User Info: YbrikMetaknight

YbrikMetaknight
5 months ago#41
Yes, all the FFs except for the MMOs (and hell, I don't know, maybe FFXV? I haven't played it at all) are quite linear with regard to the story, because whether you veer off the path for a while or not, the story progresses in a straight line.

I think it's funny that someone listed FFVI among the most linear, when its final third (some would argue it's half the game, and maybe it is, but story-wise it feels like less) probably makes it the biggest exception to this rule. Almost the entirety of the World of Ruin is unstructured narrative, small stories in the lives of the characters from the World of Balance. At the beginning of the World of Ruin, you wake up as Celes, then you have to go recruit Edgar next, though you have two potential opportunities to do something that could be done later (recruit Sabin and do the first step of recruiting Terra), and then after recruiting Edgar, you must recruit Setzer and get the second airship.
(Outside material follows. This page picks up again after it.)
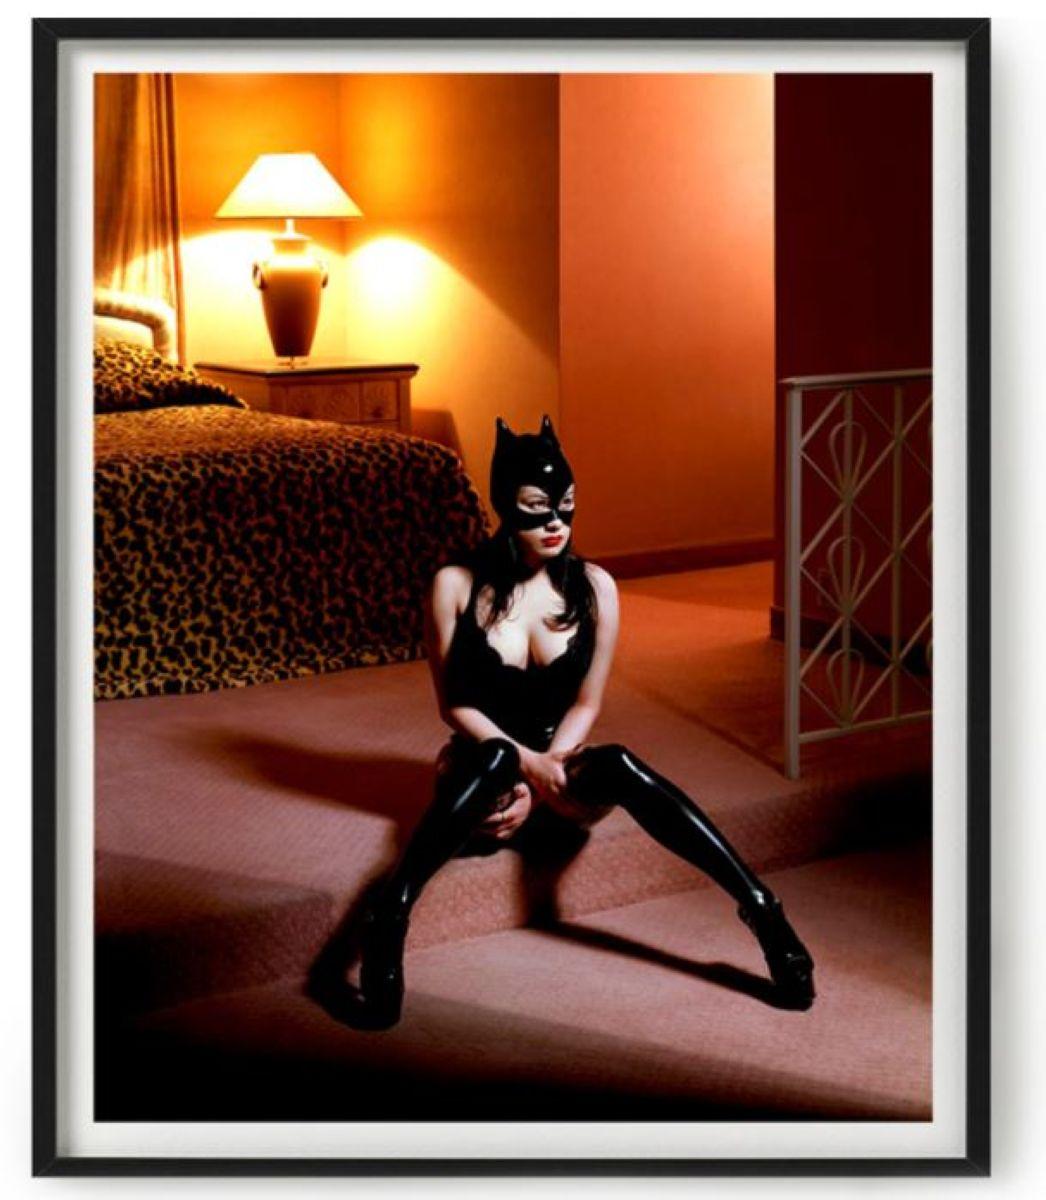 Breaunna in Katzenmaske - Modell in einem Katzenanzug, der auf dem Boden eines Hotelzimmers wohnt (Zeitgenössisch), Photograph, von Albert Watson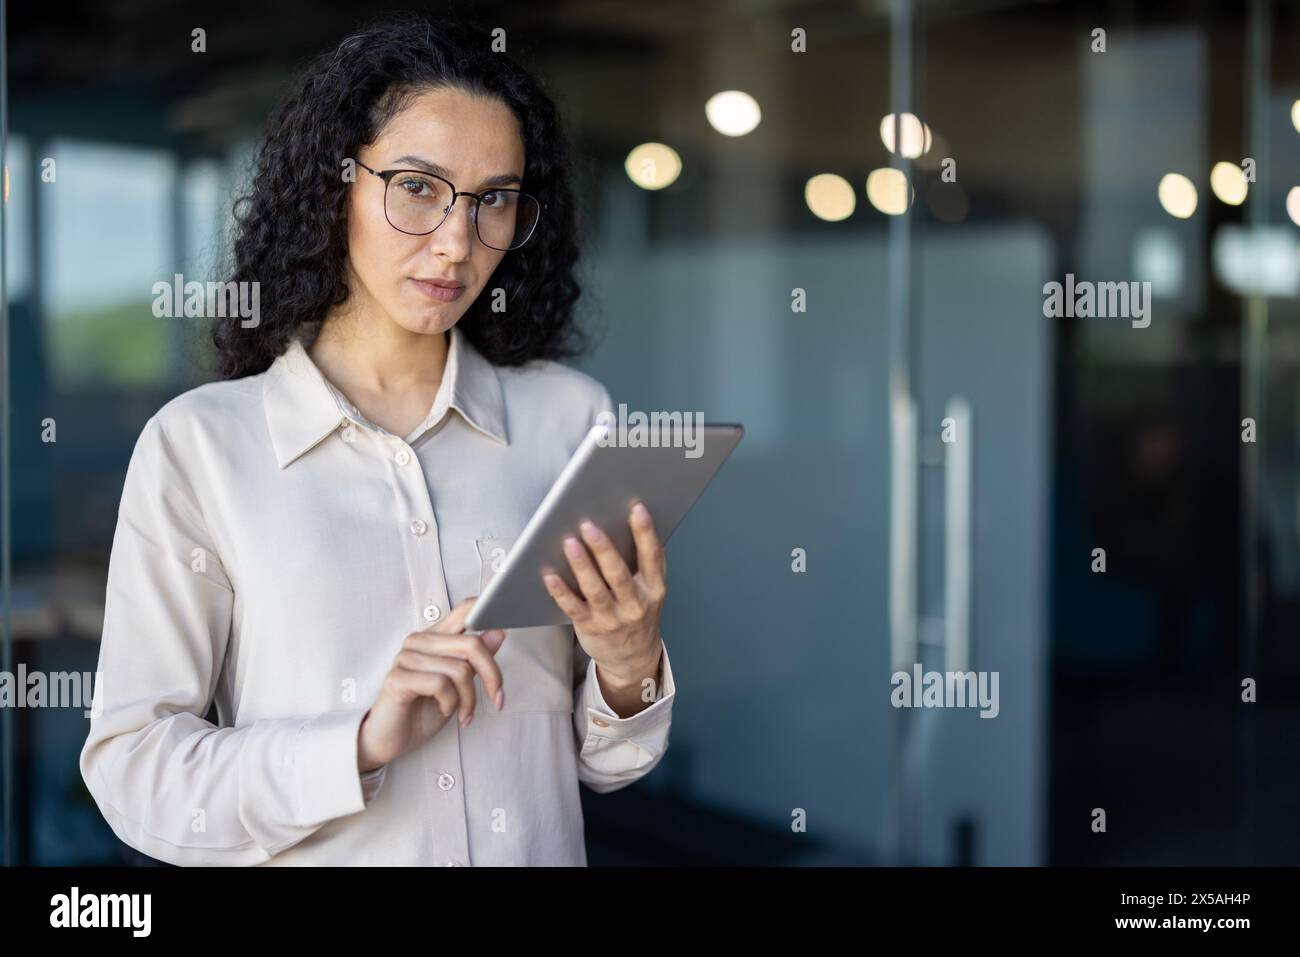 Eine hispanische Geschäftsfrau in einer hellen Bluse verwendet in einer Büroumgebung ein digitales Tablet, um möglicherweise Daten zu überprüfen oder Aufgaben zu verwalten. Stockfoto

Once you do that, the whole world is open to you, and there are about a dozen or so optional events, about one per remaining character and more than that for a couple of them, that can still be tackled if you choose. The only remaining requirement is to climb Kefka's tower, which you can do with your bare minimum of three characters, Celes, Edgar, and Setzer, though apart from trying to do a challenge,
this feels a bit incomplete.
This makes late-game FFVI non-linear in ways that, frankly, very very few JRPGs have ever done, before or since.
Knowledge is power; power corrupts. Therefore, knowledge corrupts. Ignorance is bliss.

User Info: neo_auron2

neo_auron2
5 months ago#42
I am going to give it another shot but this is the first Final Fantasy game where i put it down and never came back to.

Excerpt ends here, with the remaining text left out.